Updated July 10, 2023

Introduction to Hive Versions

Hive is the data warehousing tool built on top of Hadoop for data processing for large data sets. It was released in 2010 and is the most widely used ETL and data processing tool. After the release, Hive came over with many improvements and bug fixes with its versions upgraded. The latest stable release for Hive came in August 2019 that is in use. HIVE has undergone several updates, resulting in increased durability and improved functionality.

Top 7 Versions of Hive

The various ways of running a hive using these versions are described below.

1. Version 0.9.0

Hive version 0.9.0 fixed the bug for timestampWritable.java that was causing data corruption. This was the initial version with the release date as 3 Dec 2013. Map Reduce versions 2.x and 3.x introduced various new functionalities and resolved existing bugs. The get schema() function was not returning the correct schema for Explain queries. Hdfs were hard coded, which was the barrier to using other file systems. The Hive’s latest version included numerous bugs of this kind.

2. Version 0.10.0

This hive version fixed several noted issues as the release came sooner after the 0.9 version. The software had some problems with bugs that caused syntax errors, memory leakage, and null pointer replacement within nested UDFs. However, these bugs have been fixed in the updated version of Hive 0.10.

3. Version 0.11.0

They released a new version of Hive, known as version 0.10, in August 2014 to fix major bugs they encountered. This version includes a significant modification that will cause the server to go into a SHUTDOWN state if it executes any incorrect queries. Map joins were not giving the correct results; under java 7 hive compiler showed issues; these were the major bug handled in this version.

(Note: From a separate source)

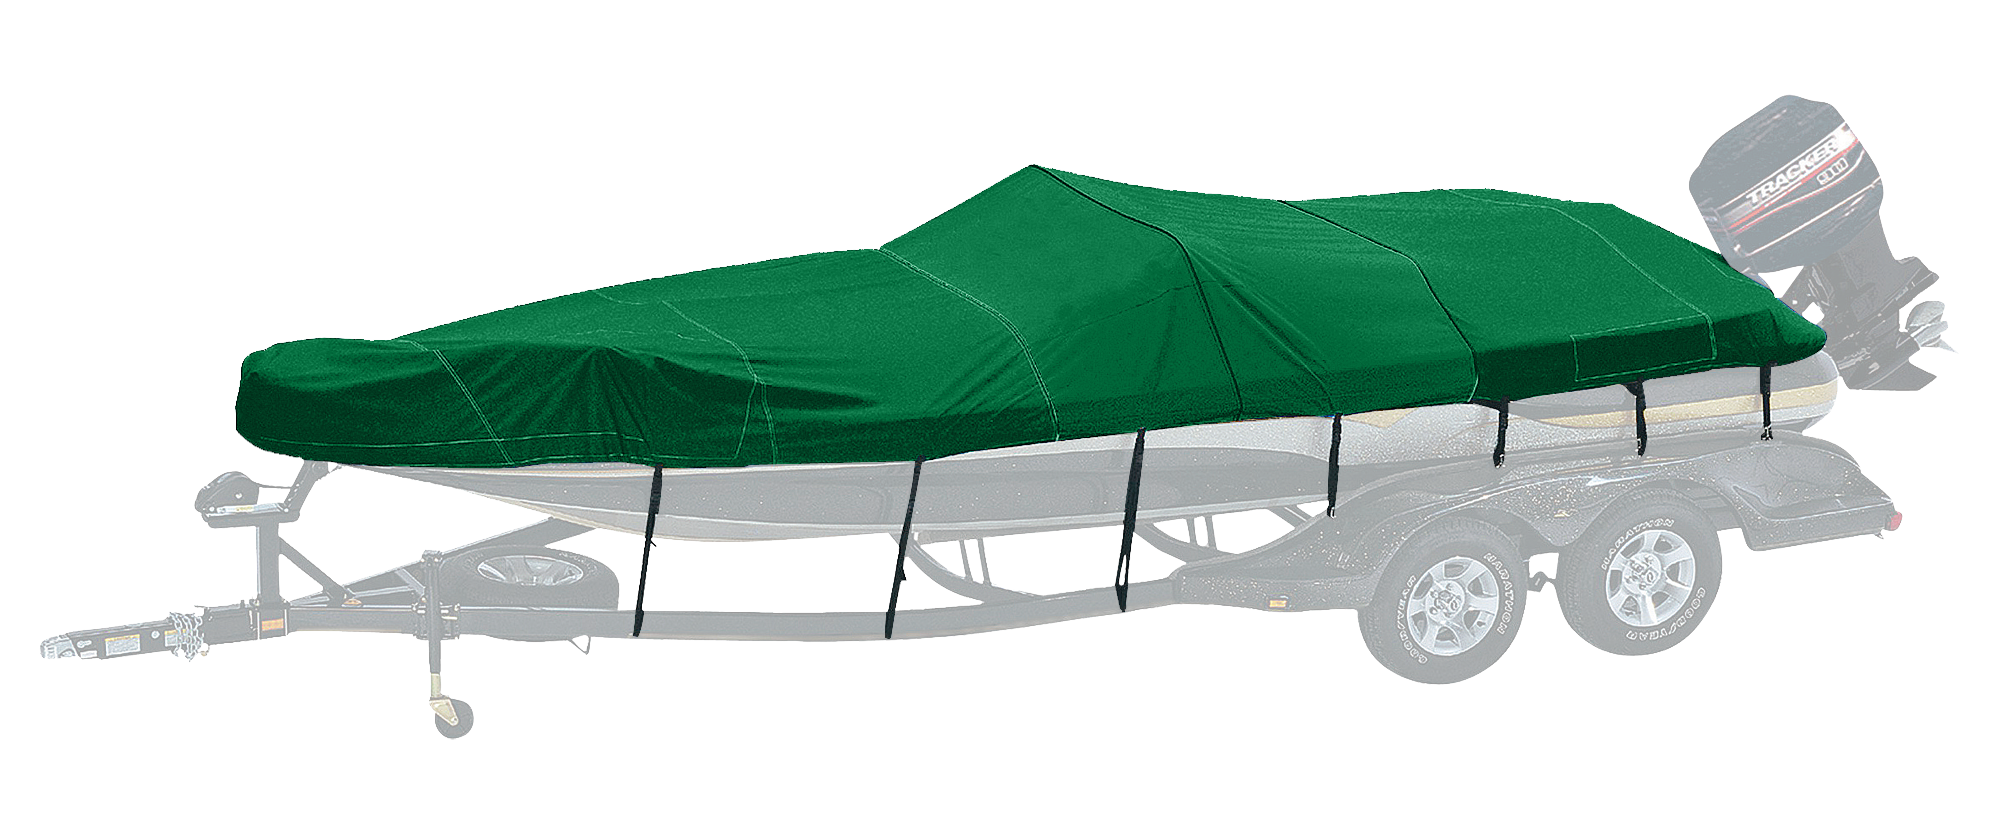 Bass Pro Shops Westland Exact Fit Boat Cover - Tahoe Boats - 2002-2005 - Q7 I/O - Forest Green

While mixing Avro and snappy null values was returned, this bug was also solved in this release. Also, inserting multiple overwrite into multiple tables stored the same results in all the tables handled in this release.

4. Version 0.12.0

This release for Hive added a new Data Type Date. This data type made inserting a date in the hive columns easy. The system now cleans up the contents in the scratch directories. We could define functions with HQL. The development team introduced the exchange partition functionality in the Hive version.

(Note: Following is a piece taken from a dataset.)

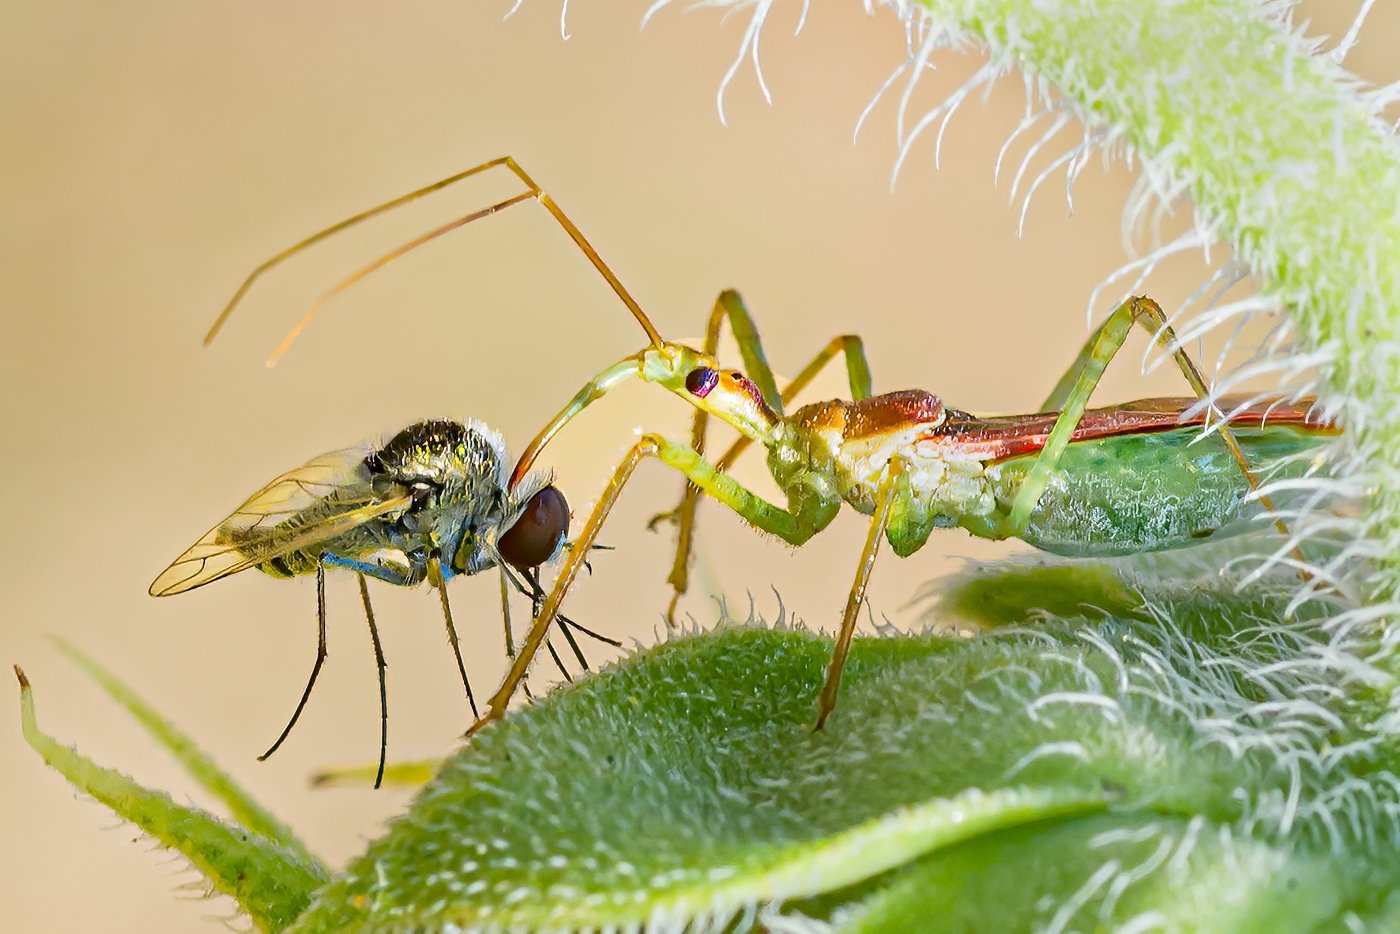 Assassin Bug with a Fly, Tom Savage, Cowtown Camera Club, 1 HM

Spark SQL was introduced to work with HIVE; we can also use the Hive with HBASE. Format_number started supporting the decimal data type. In this release of the Hive, the development team resolved the bug that caused Hive to continuously retry deleting a lock even when Zookeeper responded that the node did not exist. As a result, Hive no longer attempts this operation unnecessarily. The Hive has introduced the Varchar data type and supports in-memory PTF transactions.

5. Version 0.13.0

Hive came upon another update over mid of 2014, adding some extra features to Hive’s functionalities and making it much stronger. This release introduced several additional features, including the char data type, subquery support, permanent UDFs, ORC file footer support, and improved hive precision. While creating or dropping a database, the permission was modified as the same, which can be done only by checking the user’s permission. It started skipping the Header and Footer rows while reading the data file. You can use an introduced UDF to calculate the distance between geographical coordinates.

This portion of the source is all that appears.